Après Nadir Chelbabi, ce sera au tour de Farid Djennadi, secrétaire général du MAK de s’adresser à l’assistance, nombreuse et attentionnée. Le N° 2 du MAK sera prolixe. Farid Djennadi abordera tous les segments faisant du peuple kabyle « sa différence naturelle, et depuis des siècles, avec les autres peuples d’Algérie ». Farid Djennadi criera également, comme à ses habitudes, que 40% des effectifs militaires algériens sont stationnés en Kabylie ; « ce qui signifie clairement que la Kabylie est sous l’effet d’occupation coloniale ». L’intervenant avertira aussi qu’à défaut réel sursaut de la Kabylie, « c’est la fin pour nous tous ».
S’agissant enfin de Bouaziz Aït-Chebib, il entamera son discours par le rappel de « l’infamie » commise par le pouvoir algérien contre la Kabylie en 2001 et la dimension véritable de la marche du 14 juin de la même année d’où la consécration par le MAK de cette journée comme « Journée Nationale Kabyle ». Une fois ce virage amorcé, le Président du MAK s’adressera par ricochets aux détracteurs du MAK. Et tout en soulignant lui aussi la différence de la Kabylie des autres pays d’Algérie, il ciblera le Rassemblement pour la Culture et la Démocratie (RCD) et le Front des Forces Socialistes (FFS). Bouaziz Aït-Chebib ne dira aucune méchanceté de ces deux partis kabyles.
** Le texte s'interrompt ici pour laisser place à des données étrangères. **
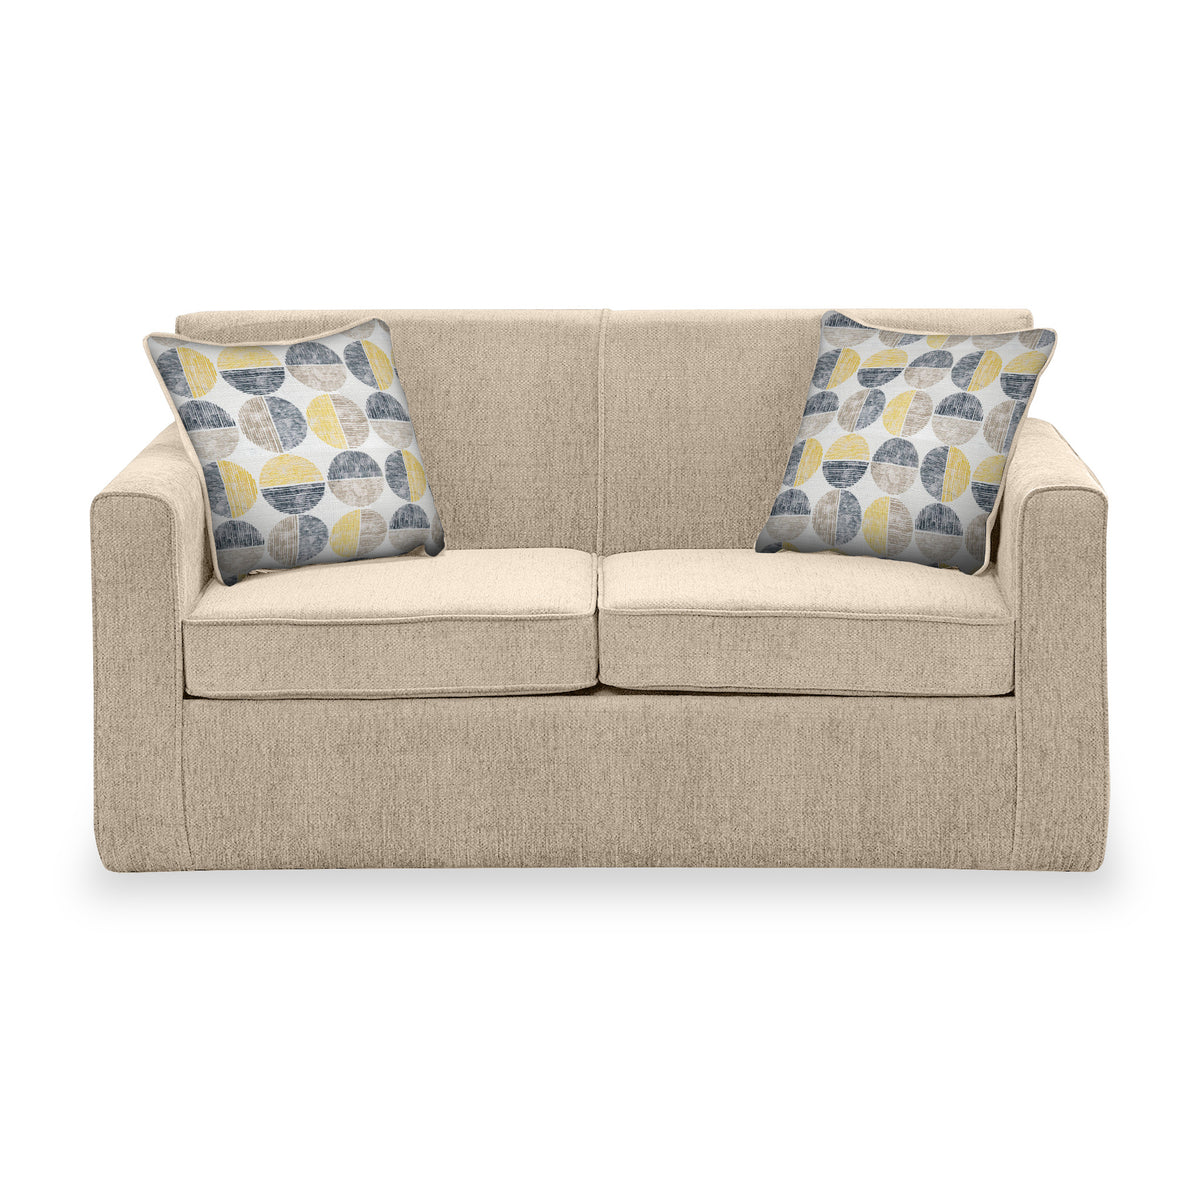 Bawtry Oatmeal Faux Linen 2 Seater Sofabed with Beige Scatter Cushions from Roseland Furniture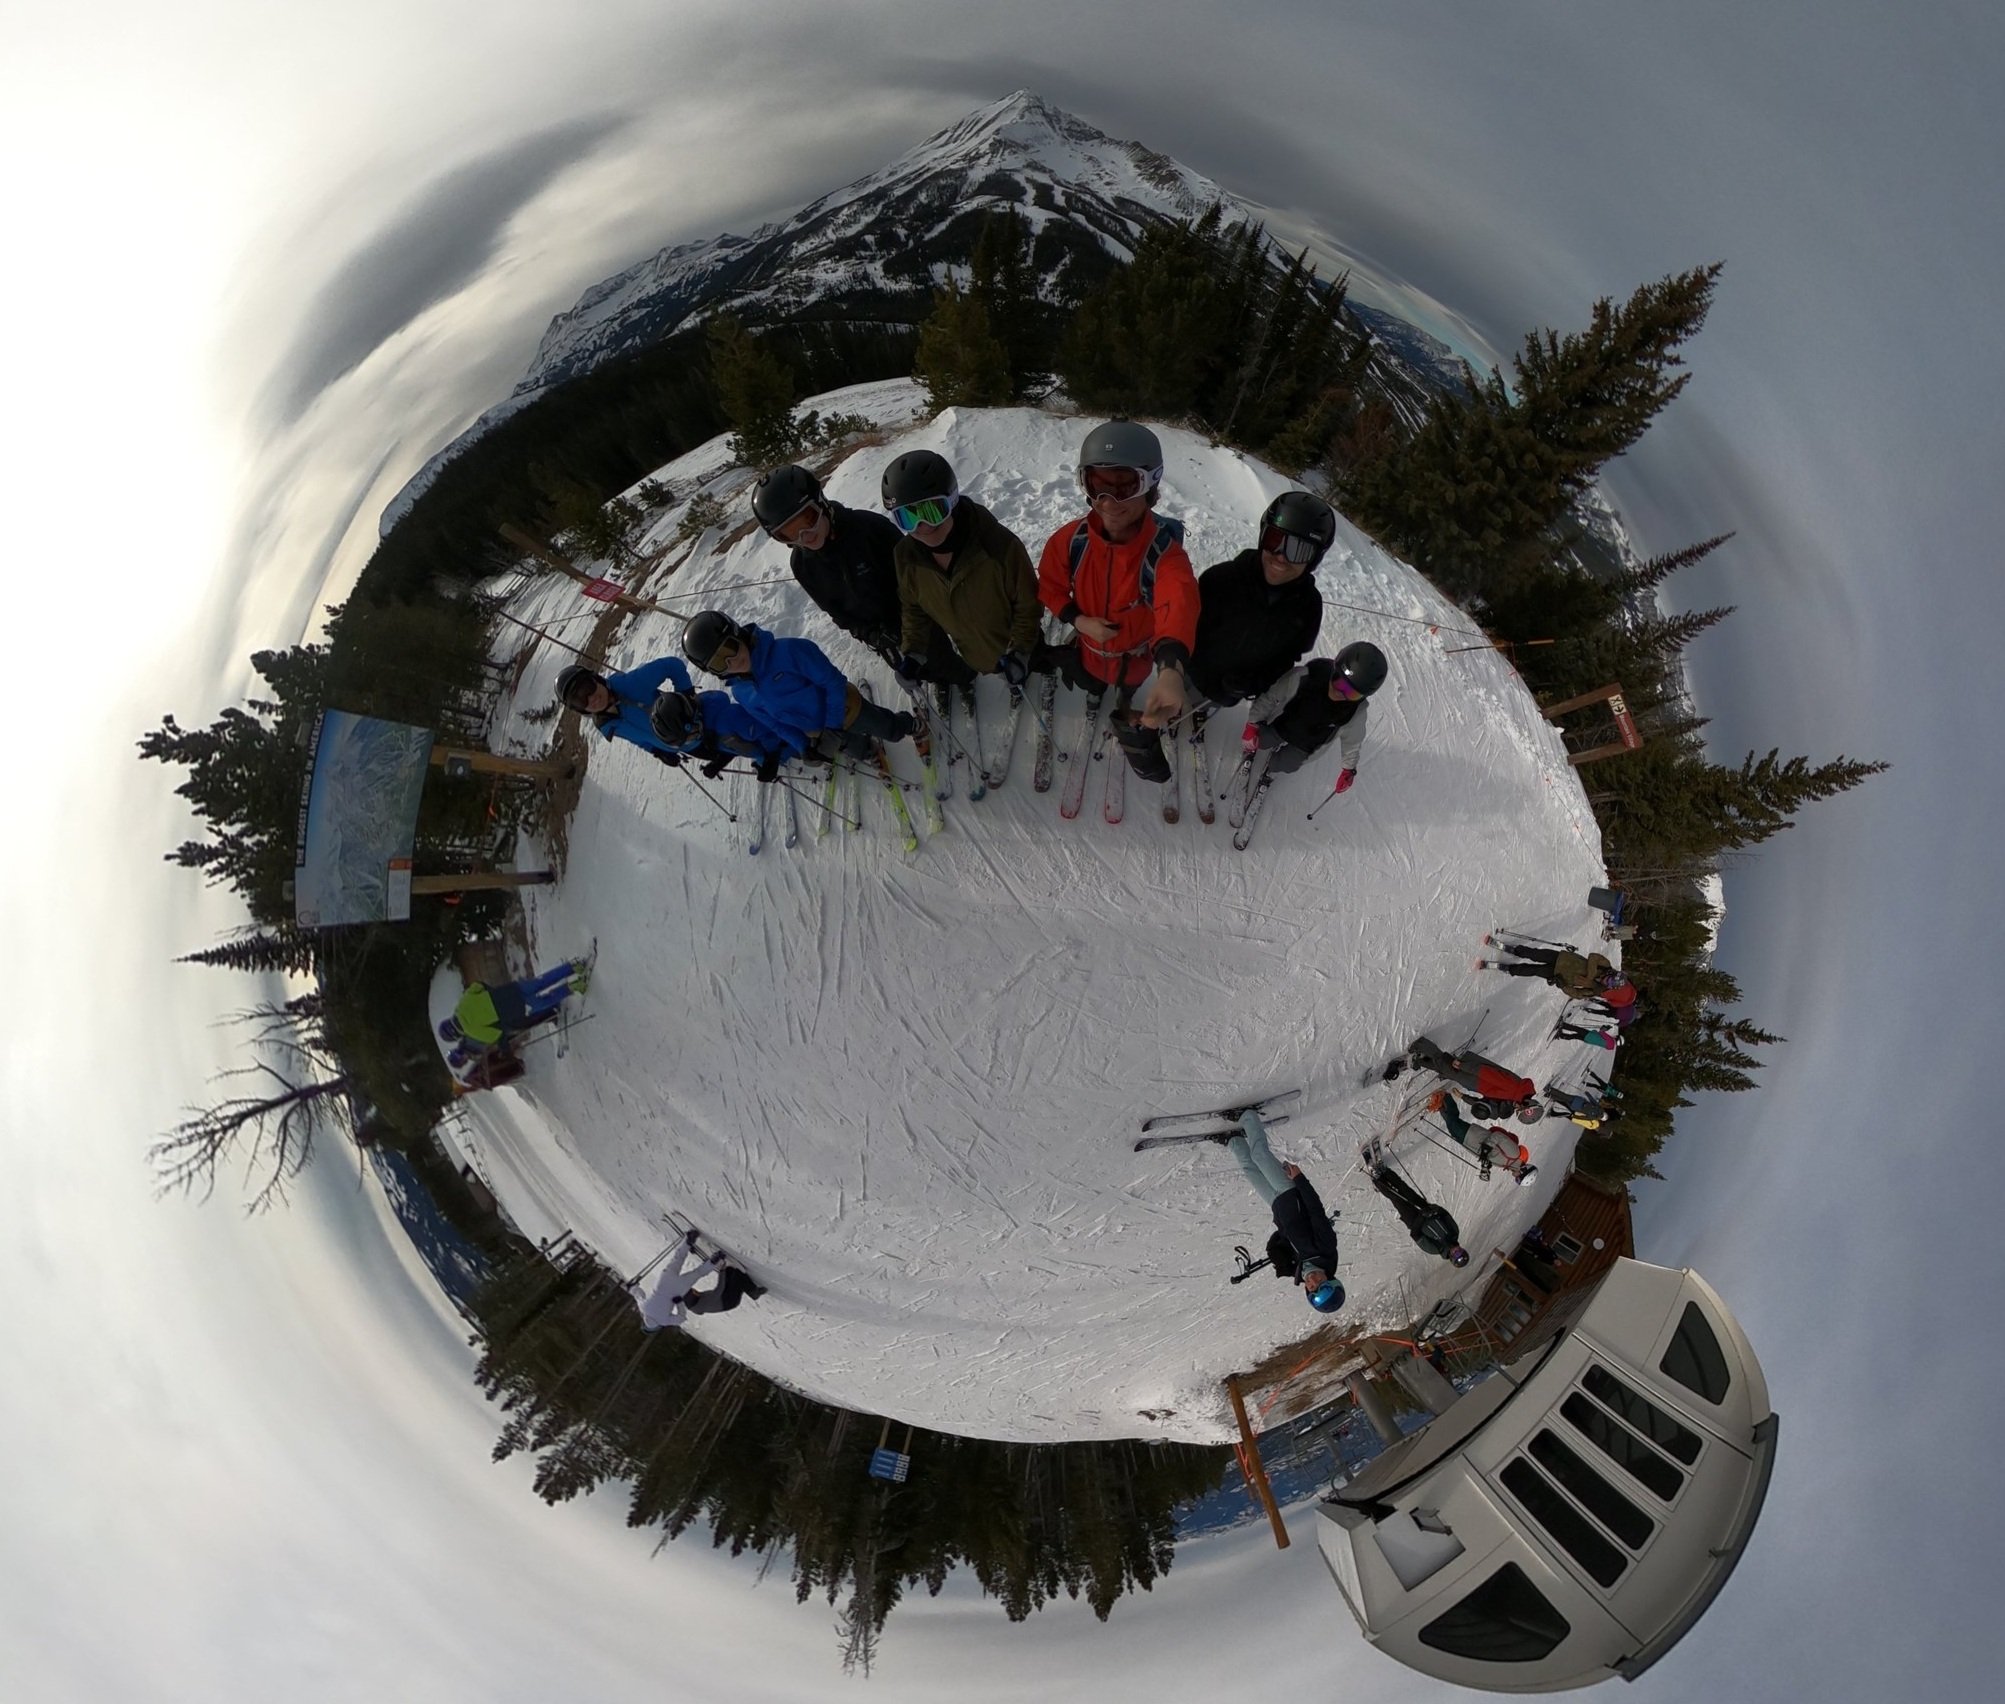 The Top of Andesite Mountain at Big Sky shot with a Gro Pro Max in 360 mode with 5k resolution. Edited in the GoPro Quik app with and IPad Pro

Il les citera tout simplement comme l’exemple édifiant du rejet total des Algériens de tout ce qui est kabyle, dès lors qu’en dépit de leurs projets de société modernes et émancipateurs et leurs propositions pour faire adhérer l’Algérie au concert des nations, ils restent toujours confinés dans en Kabylie. « Ils (RCD et FFS) sont rejetés par les Algériens parce qu’ils sont tout simplement kabyles », s’écriera le premier responsable du MAK avant d’ajouter cette phrase en marquant bien les syllabes : « Il n’y a qu’ici en Kabylie, leur pays que nos frères du RCD et du FFS peuvent jouir d’un espace pour faire la politique et diriger ! » La dernière sortie médiatique du dirigeant du FFS, Nebbou, où il s’est violemment attaqué au MAK aura cette réponse : « Ceux qui croient qu’en insultant le MAK peuvent gagner la reconnaissance et la sympathie des Arabes se trompent ». « Personne ne peut duper le peuple kabyle lequel est plus mature que certains de ses représentants politiques », notera Bouaziz Aït-Chebib qui ajoute : « Le peuple kabyle a dit son mot le 20 avril dernier ! » Le Président du MAK dira également que ce qui manquait le plus au peuple kabyle, c’était son drapeau ; «  et aujourd’hui, il l’a ».
Soucieux d’éviter tout amalgame et motivé également par une certaine vérité historique, l’intervenant mettra l’accent l’ancien drapeau et le nouveau. Concernant les anciennes couleurs, Bouaziz Aït-Chebib reconnaîtra qu’il a symbolisé toutes nations amazighes et « quant les militants du MAK ont eu le courage de le hisser, les autres s’en sont tenus éloignés par peur de représailles ». « Aujourd’hui, poursuit-il, nous avons ce drapeau propre au peuple kabyle et ce drapeau kabyle justement qui a fait et continue de faire paniquer le pouvoir arabo-islamiste d’Alger ! » Le Président du MAK a clôturé son intervention par un appel « à tous les hommes et à toutes les femmes kabyles pour s’unir, car de cette union seule que dépend fondamentalement la victoire de notre peuple sur son adversité ».